Deep Agents and the Fastal Model
So-called deep agents (or Agents 2.0) represent the evolution of “single-loop” agents toward complex architectures capable of handling long, multi-step tasks distributed over time. Examples like Claude Code show agents that plan, write files, execute code, verify results, iterate, and autonomously document the process, maintaining a coherent state between iterations.
These systems present four fundamental pillars:
- Explicit planning: the model decides when to stop to plan, decompose the problem, define milestones and success criteria before acting.
- Specialized sub-agents: an orchestrator delegates tasks to specific agents (for scraping, code-editing, data analysis, user interaction) with well-defined responsibilities.
- Memory and file system: work doesn’t live only in context but in persistent files and structures that agents read and update over time.
- Rigorous human-machine collaboration protocols: standards for file formats, rules for asking user confirmation, stopping criteria, detailed logs for audit.
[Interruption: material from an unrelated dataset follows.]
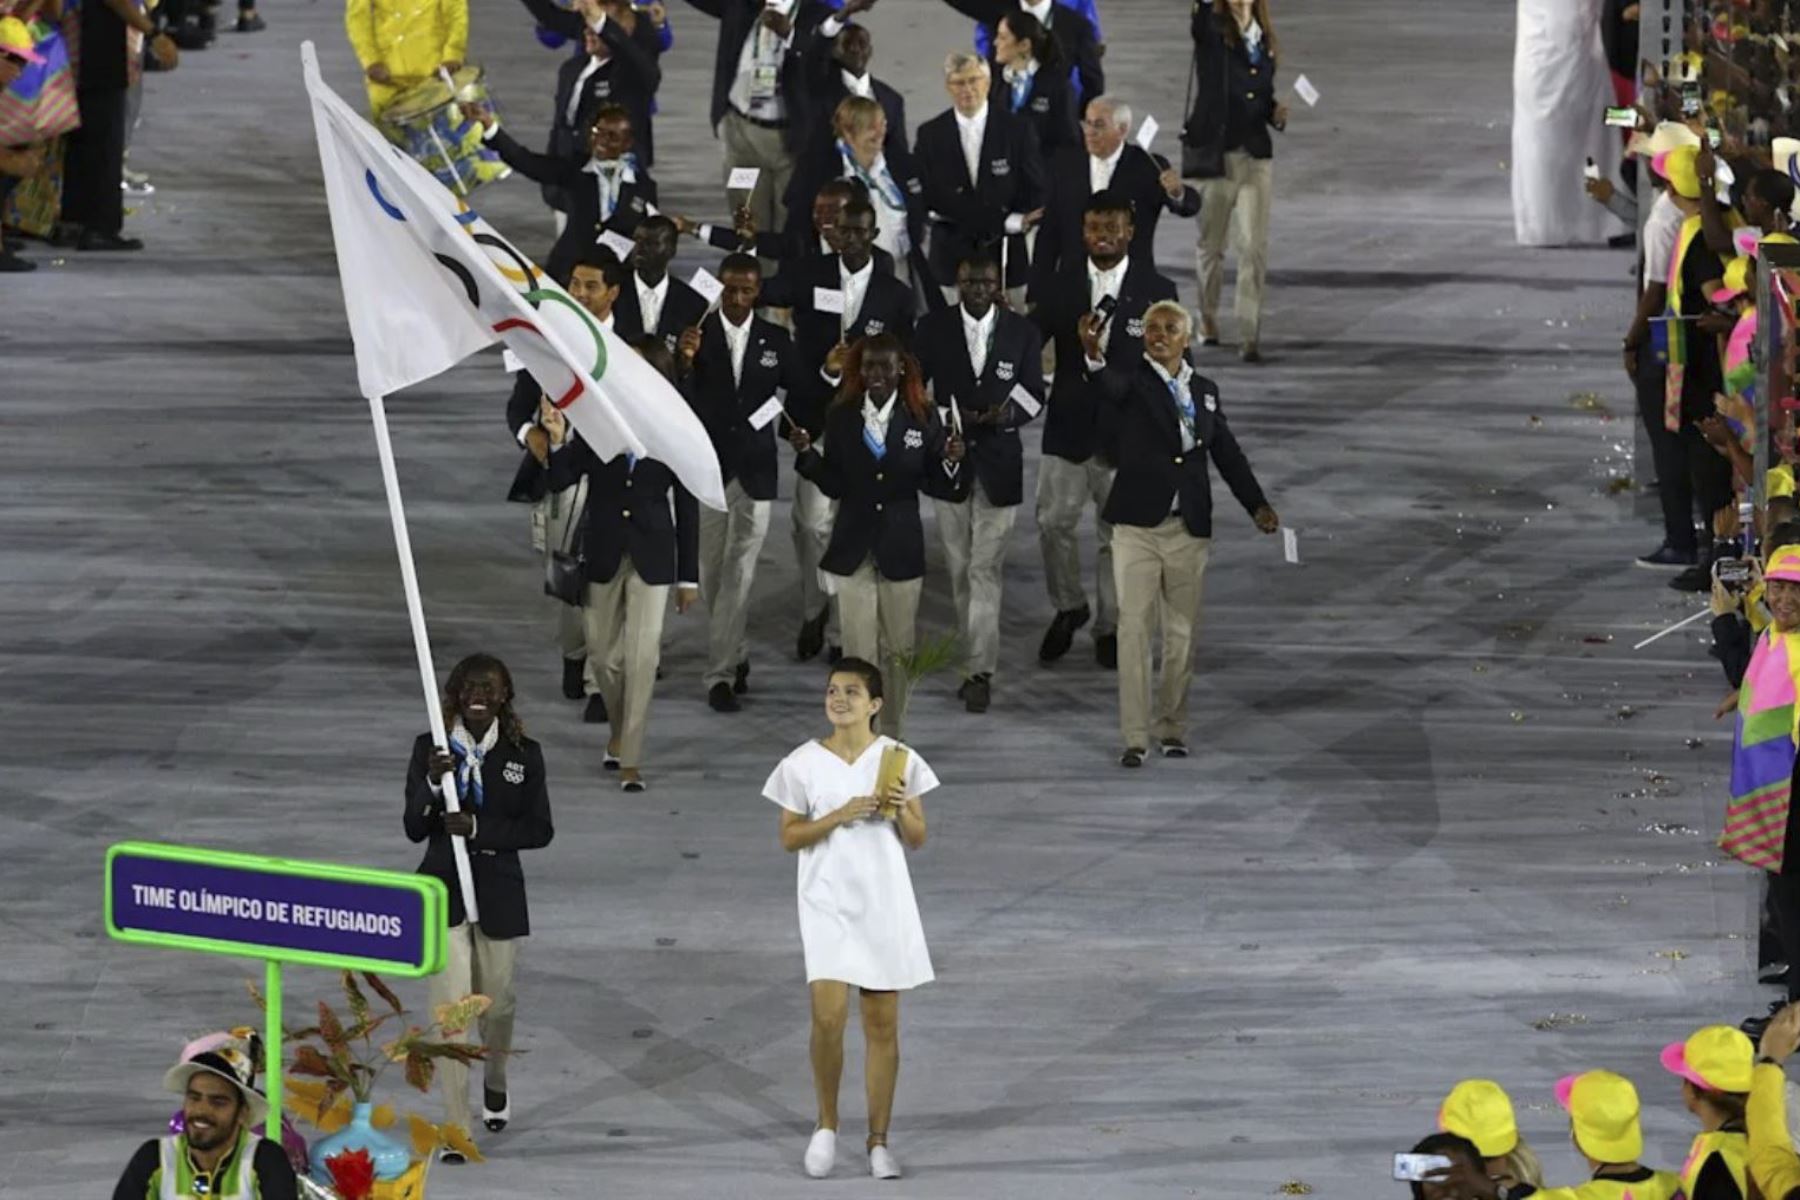 Equipo Olímpico de Refugiados, una "fuente de inspiración" en los juegos de Tokio. Foto: Difusión

For us, this is the truly interesting landscape: not yet another “bigger” model, but an ecosystem of deep agents, tools, and controls that transform LLMs into components of intelligent information systems. This is where we are directing our research and development activities:
- design of vertical deep agents for regulated domains (AML, compliance, PA), where reasoning traceability is crucial;
- experimentation with System 2 architectures that combine LLMs, symbolic engines, and structured memory to reduce errors and improve verifiability;
- development of reusable frameworks and patterns to integrate these agents into enterprise legacy systems, with particular attention to security, governance, and data sovereignty.
In summary, if the “new model → amazement → bubble” cycle is slowing down, the “better architecture → more reliable process → business value” cycle has just begun. It is on this second cycle that we have chosen to invest, convinced that the real innovation of the coming years will be less flashy but much more transformative for daily work.